⟨
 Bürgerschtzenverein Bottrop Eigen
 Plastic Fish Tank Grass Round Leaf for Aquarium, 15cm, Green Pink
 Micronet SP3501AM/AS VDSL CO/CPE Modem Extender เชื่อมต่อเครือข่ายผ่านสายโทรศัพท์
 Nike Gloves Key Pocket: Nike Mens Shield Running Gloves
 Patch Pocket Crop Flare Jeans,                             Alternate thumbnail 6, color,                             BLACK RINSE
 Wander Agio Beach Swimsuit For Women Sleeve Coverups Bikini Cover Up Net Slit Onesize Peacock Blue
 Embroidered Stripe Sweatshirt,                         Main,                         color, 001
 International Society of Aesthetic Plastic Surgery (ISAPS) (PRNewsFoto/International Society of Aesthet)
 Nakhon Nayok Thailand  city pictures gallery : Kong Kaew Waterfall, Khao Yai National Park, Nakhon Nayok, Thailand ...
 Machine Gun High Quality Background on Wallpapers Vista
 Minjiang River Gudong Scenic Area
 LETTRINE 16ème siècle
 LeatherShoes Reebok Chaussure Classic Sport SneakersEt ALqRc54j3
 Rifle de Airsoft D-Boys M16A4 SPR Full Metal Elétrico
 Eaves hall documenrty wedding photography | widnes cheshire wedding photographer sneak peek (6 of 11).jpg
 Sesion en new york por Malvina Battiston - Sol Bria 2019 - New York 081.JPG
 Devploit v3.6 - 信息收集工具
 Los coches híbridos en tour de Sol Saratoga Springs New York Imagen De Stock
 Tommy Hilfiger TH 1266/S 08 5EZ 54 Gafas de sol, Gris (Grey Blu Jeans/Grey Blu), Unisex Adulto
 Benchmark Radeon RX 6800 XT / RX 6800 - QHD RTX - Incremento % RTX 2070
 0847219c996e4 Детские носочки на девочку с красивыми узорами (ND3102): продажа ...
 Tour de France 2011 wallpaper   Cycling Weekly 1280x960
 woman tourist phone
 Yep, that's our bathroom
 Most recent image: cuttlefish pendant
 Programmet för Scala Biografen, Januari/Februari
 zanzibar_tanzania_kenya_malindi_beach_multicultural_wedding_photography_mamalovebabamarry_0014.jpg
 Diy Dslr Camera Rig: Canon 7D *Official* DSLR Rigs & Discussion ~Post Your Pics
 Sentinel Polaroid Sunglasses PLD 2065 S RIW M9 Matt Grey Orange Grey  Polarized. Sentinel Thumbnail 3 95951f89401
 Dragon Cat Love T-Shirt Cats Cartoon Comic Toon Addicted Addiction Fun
⟩
* WORK TO COMPLETE *
Word for word, copy out the records.

* TASK ANSWER *
 Bürgerschtzenverein Bottrop Eigen
 Plastic Fish Tank Grass Round Leaf for Aquarium, 15cm, Green Pink
 Micronet SP3501AM/AS VDSL CO/CPE Modem Extender เชื่อมต่อเครือข่ายผ่านสายโทรศัพท์
 Nike Gloves Key Pocket: Nike Mens Shield Running Gloves
 Patch Pocket Crop Flare Jeans,                             Alternate thumbnail 6, color,                             BLACK RINSE
 Wander Agio Beach Swimsuit For Women Sleeve Coverups Bikini Cover Up Net Slit Onesize Peacock Blue
 Embroidered Stripe Sweatshirt,                         Main,                         color, 001
 International Society of Aesthetic Plastic Surgery (ISAPS) (PRNewsFoto/International Society of Aesthet)
 Nakhon Nayok Thailand  city pictures gallery : Kong Kaew Waterfall, Khao Yai National Park, Nakhon Nayok, Thailand ...
 Machine Gun High Quality Background on Wallpapers Vista
 Minjiang River Gudong Scenic Area
 LETTRINE 16ème siècle
 LeatherShoes Reebok Chaussure Classic Sport SneakersEt ALqRc54j3
 Rifle de Airsoft D-Boys M16A4 SPR Full Metal Elétrico
 Eaves hall documenrty wedding photography | widnes cheshire wedding photographer sneak peek (6 of 11).jpg
 Sesion en new york por Malvina Battiston - Sol Bria 2019 - New York 081.JPG
 Devploit v3.6 - 信息收集工具
 Los coches híbridos en tour de Sol Saratoga Springs New York Imagen De Stock
 Tommy Hilfiger TH 1266/S 08 5EZ 54 Gafas de sol, Gris (Grey Blu Jeans/Grey Blu), Unisex Adulto
 Benchmark Radeon RX 6800 XT / RX 6800 - QHD RTX - Incremento % RTX 2070
 0847219c996e4 Детские носочки на девочку с красивыми узорами (ND3102): продажа ...
 Tour de France 2011 wallpaper   Cycling Weekly 1280x960
 woman tourist phone
 Yep, that's our bathroom
 Most recent image: cuttlefish pendant
 Programmet för Scala Biografen, Januari/Februari
 zanzibar_tanzania_kenya_malindi_beach_multicultural_wedding_photography_mamalovebabamarry_0014.jpg
 Diy Dslr Camera Rig: Canon 7D *Official* DSLR Rigs & Discussion ~Post Your Pics
 Sentinel Polaroid Sunglasses PLD 2065 S RIW M9 Matt Grey Orange Grey  Polarized. Sentinel Thumbnail 3 95951f89401
 Dragon Cat Love T-Shirt Cats Cartoon Comic Toon Addicted Addiction Fun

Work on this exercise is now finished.